As promised, I will keep you up-to-date on my choral duties since I have been accepted as a substitute member for Pro Coro! It's my first brush with a professional group, and in this case, I mean professional in the sense that I will be paid. This is a new experience for me!
The first surprise came in the mail a few days ago: my contract! I eagerly opened it and the first thing I saw was my name and "the Artist" in brackets after it. Wow, I've never thought of myself as an "Artist" before! I know it's probably just another generic arts term but it was a term I have never seen attached to my name. It was scary but cool to see that term printed next to my name! After that initial shock wore off, it was just strange having a contract. It outlined various things I would normally do anyway if I was in a choir---showing up for performances, not being late for rehearsal, learning the music etc. but it just made it so much more real to see all those terms written down. The main thing that made my heart panic was the fact that I would need to provide my own uniform. A long sleeved floor length black velvet gown. Where the heck would I obtain something like that!?!?!
I wasn't about to go out spend $100s of dollars for an American choir uniform company to ship me some generic dress that I would have to hem myself anyway! Who knows how many concerts I will be singing at! Maybe this would be my first and last concert with them. It just doesn't make sense to make that kind of investment now. Where would I find a black velvet gown? I have to say, velvet is something not readily stocked in mainstream stores. Maybe I could try a thrift store? an mature lady's store at the mall? I was low on ideas. No matter what, I would need to start hunting. I googled to the far recesses of the internet abyss and came up with a few options but I was resistant to order them even after measuring myself numerous times with a tape measure and looking at individual sizing guides. I cursed the fact that my measurements didn't clearly fall into a specific category. I had a waist measurements for one size but the hip measurements for a completely different size. Oh, the woes of acquiring a uniform! I've gotten use to the luxury of having uniforms provided for me where all I would need to do is pay a rental fee. I called my mother explaining my predicament in an exasperated tone. In order to placate me she said that it wouldn't be that hard to make and that we could just buy some cheap Halloween costume type velvet and she could sew one. Essentially, it would end up looking like a tube with sleeves. Yay! I would not be on the stage naked! Thanks Mom!
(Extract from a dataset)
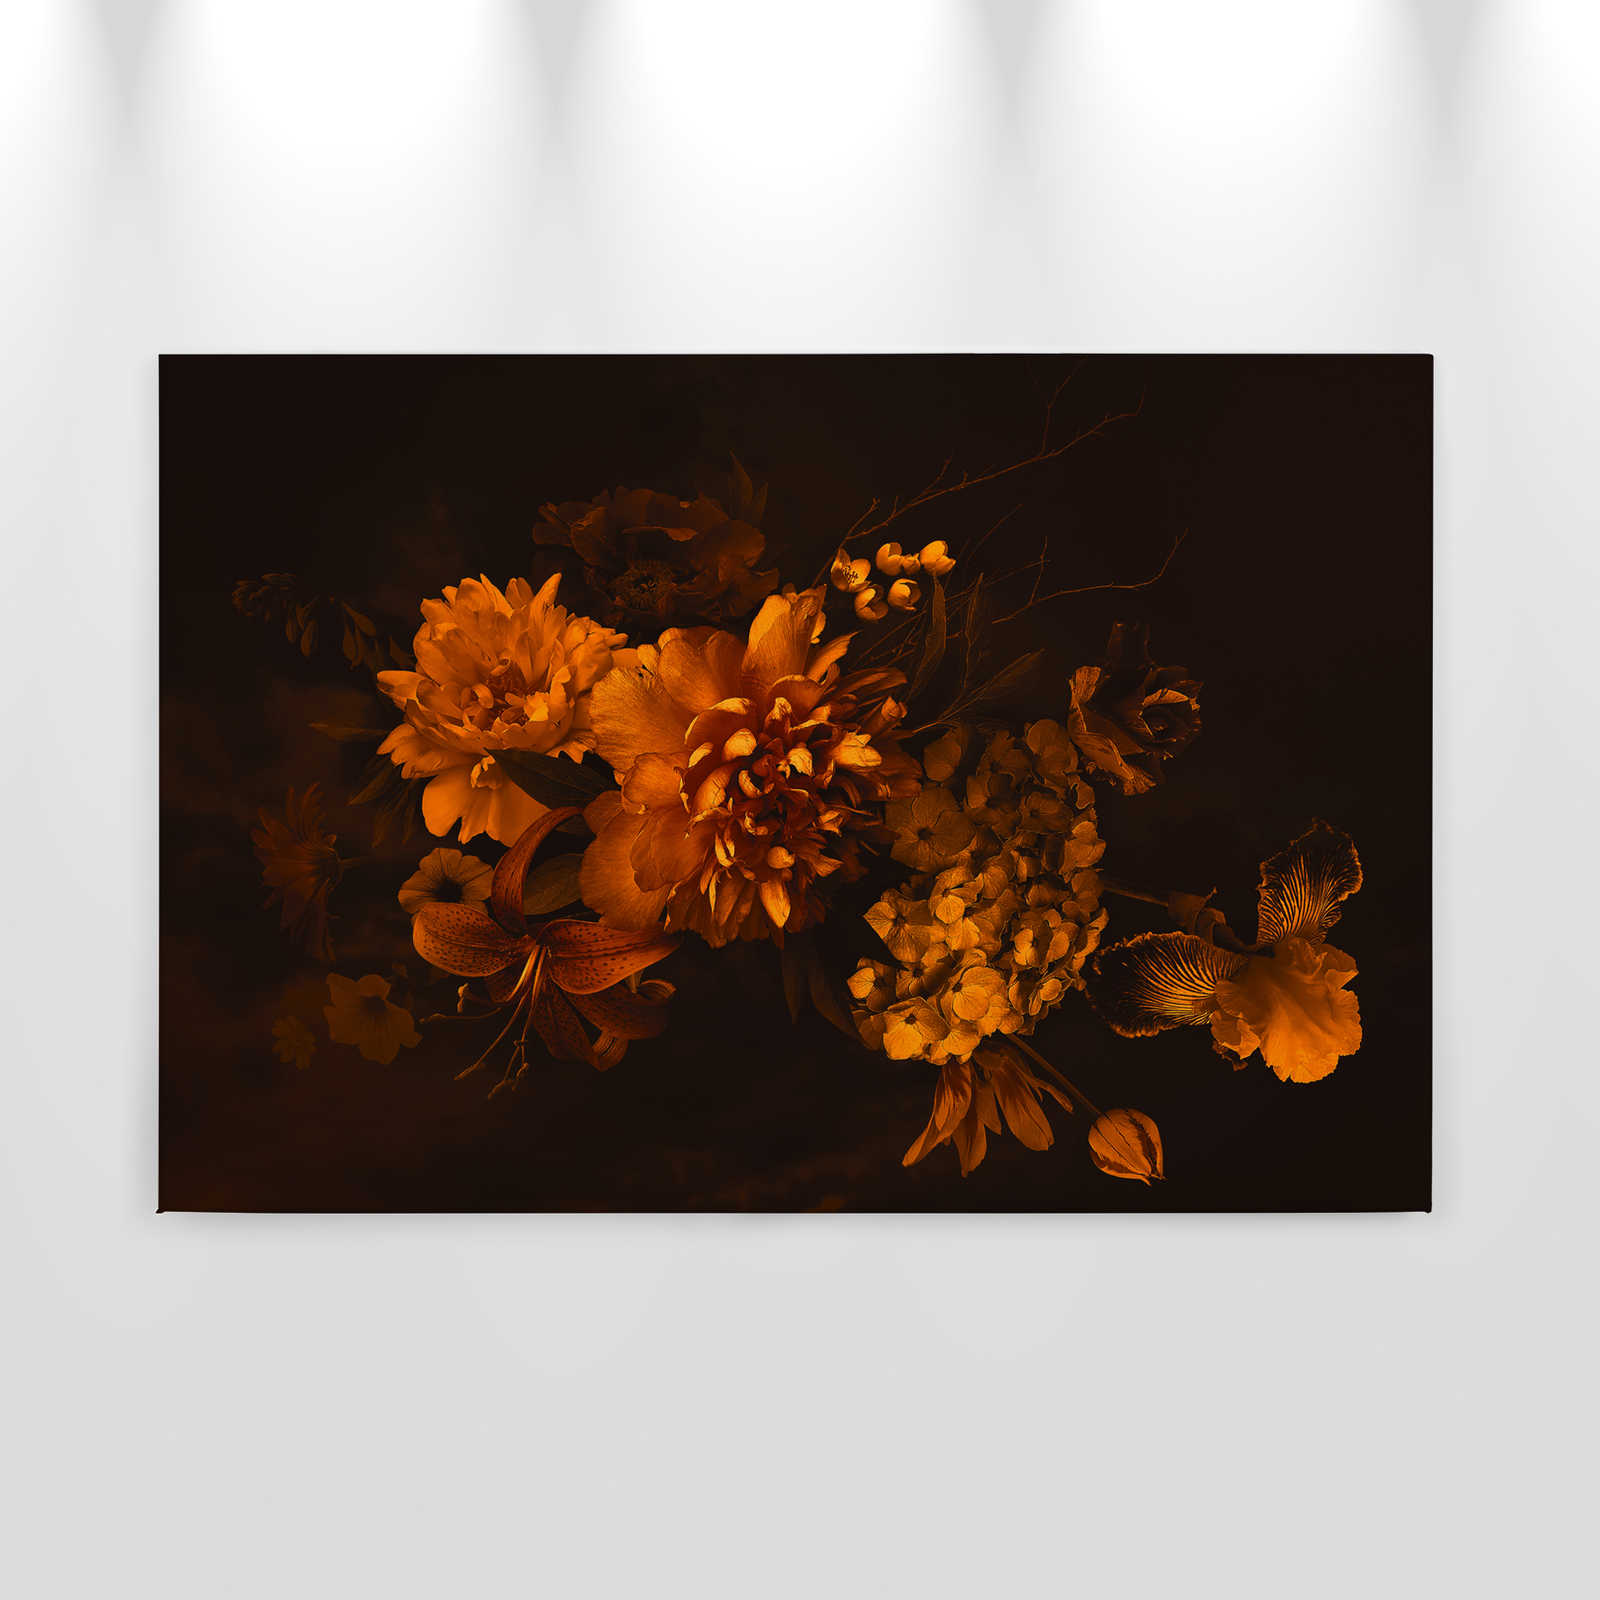             Leinwand mit Botanical-Style Blumenstrauß | orange schwarz – 0,90 m x 0,60 m

However, as a back-up, I also defaulted to an extremely handy tool: Twitter. I posted a message inquiring whether anybody had any ideas of where I could find a velvet gown. After a teasing reply from my sister asking me if the dress was in an effort to realize my dream of becoming a nun, I was delighted to get a response back from my friend Christina. She asked me if I would be interested in a velvet tent. I was slightly confused by the message and started to imagine a velvet dress with scoopy draping. When I did see her in person where she explained the fit of the dress and how it was made for her (for another choir she was in)... I began to have hope. It sounded like a dress that was specifically designed to be a uniform! We are roughly the same height, I'm a tad bit shorter and she says the dress is very forgiving fit-wise. She confessed that since the fabric is so stretchy she even wore a snowsuit under it one year when she had to carol outside in it. She promised to bring it for me the next day. She wanted me to try it right away so I put it on while at a Starbucks to see the fit. Also, I didn't go into the bathroom. I just put it on over my leather jacket and jeans. Christina and another friend dissolved into hysterical laughter---watching me wiggle my way into the dress while out in public. It actually fit pretty well! I required some help taking it off since it was sticking to my jacket so I had to raise my hands and get Christina to peel it off of me. Good times!
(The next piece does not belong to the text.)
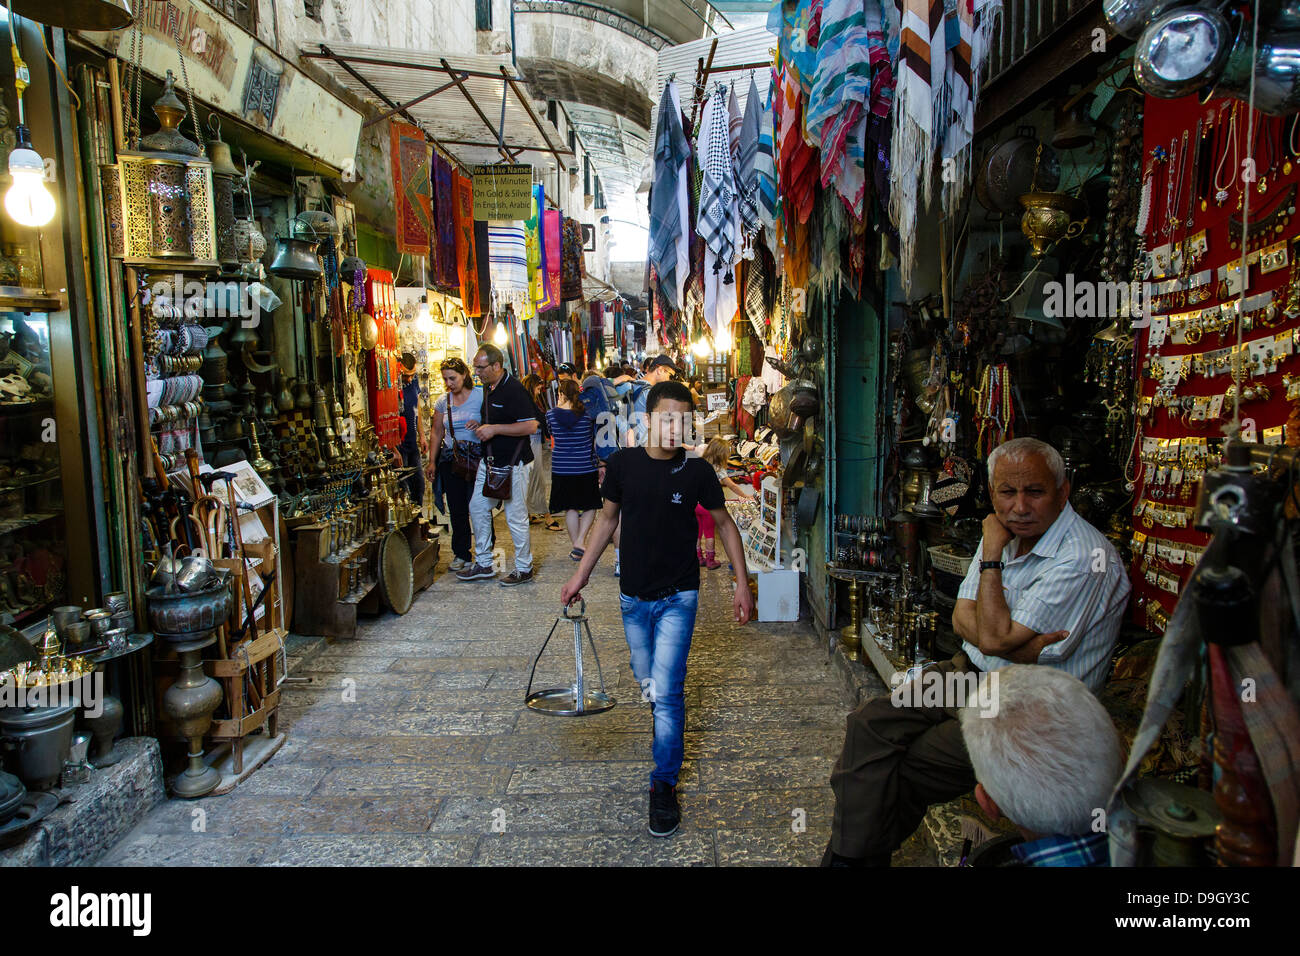 Il souk arabo, mercato coperto, al quartiere musulmano nella città vecchia di Gerusalemme, Israele. Foto Stock

Upon arriving home, my mom was relieved to see that I had found another option. She looked at the dress and said the velvet is a lot nicer than the cheaper costume velvet we had in mind. I was glad to have another thing off my mind since the last thing I need to do is run around searching for a velvet gown.
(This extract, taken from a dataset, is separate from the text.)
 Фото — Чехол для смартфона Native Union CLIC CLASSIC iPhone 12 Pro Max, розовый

The next thing will be learning the music for the Pro Coro! I just picked it up today so I will update you on my progress while I learn it!
Until next time, take care!
Congratulations! I look forward to reading about your experiences.
Thanks! I'll definitely keep you posted!
Also, did you end up auditioning for that choir you mentioned in a previous comment post?
Well, I was going to chicken out and wait until next year, but after I read your post tonight I was inspired and I finally sent in the inquiry form.
Here's the choir I'm going for:
Schola Cantorum on Hudson
And thanks for remembering me and my previous comments!
I'm glad you submitted an inquiry! Sometimes all we need it a bit of nudge to convince us to go ahead. I definitely needed one as well! I'm a strong believer that nothing bad can come out of an audition. You've really got nothing to lose. Maybe some lost time and a slightly bruised ego, if things take a turn for the worse, but it's totally worth it if you just take the risk to come out of your musical comfort zone. Even if you somehow don't manage to get in, it's the same as if you didn't try out at all. Plus, you'll always learn something from the experience, even if it's just knowing what to expect from a more formal audition.
Keep me posted on your progress and best of luck!
Woah, Sable! You even have a "guest blogger"?!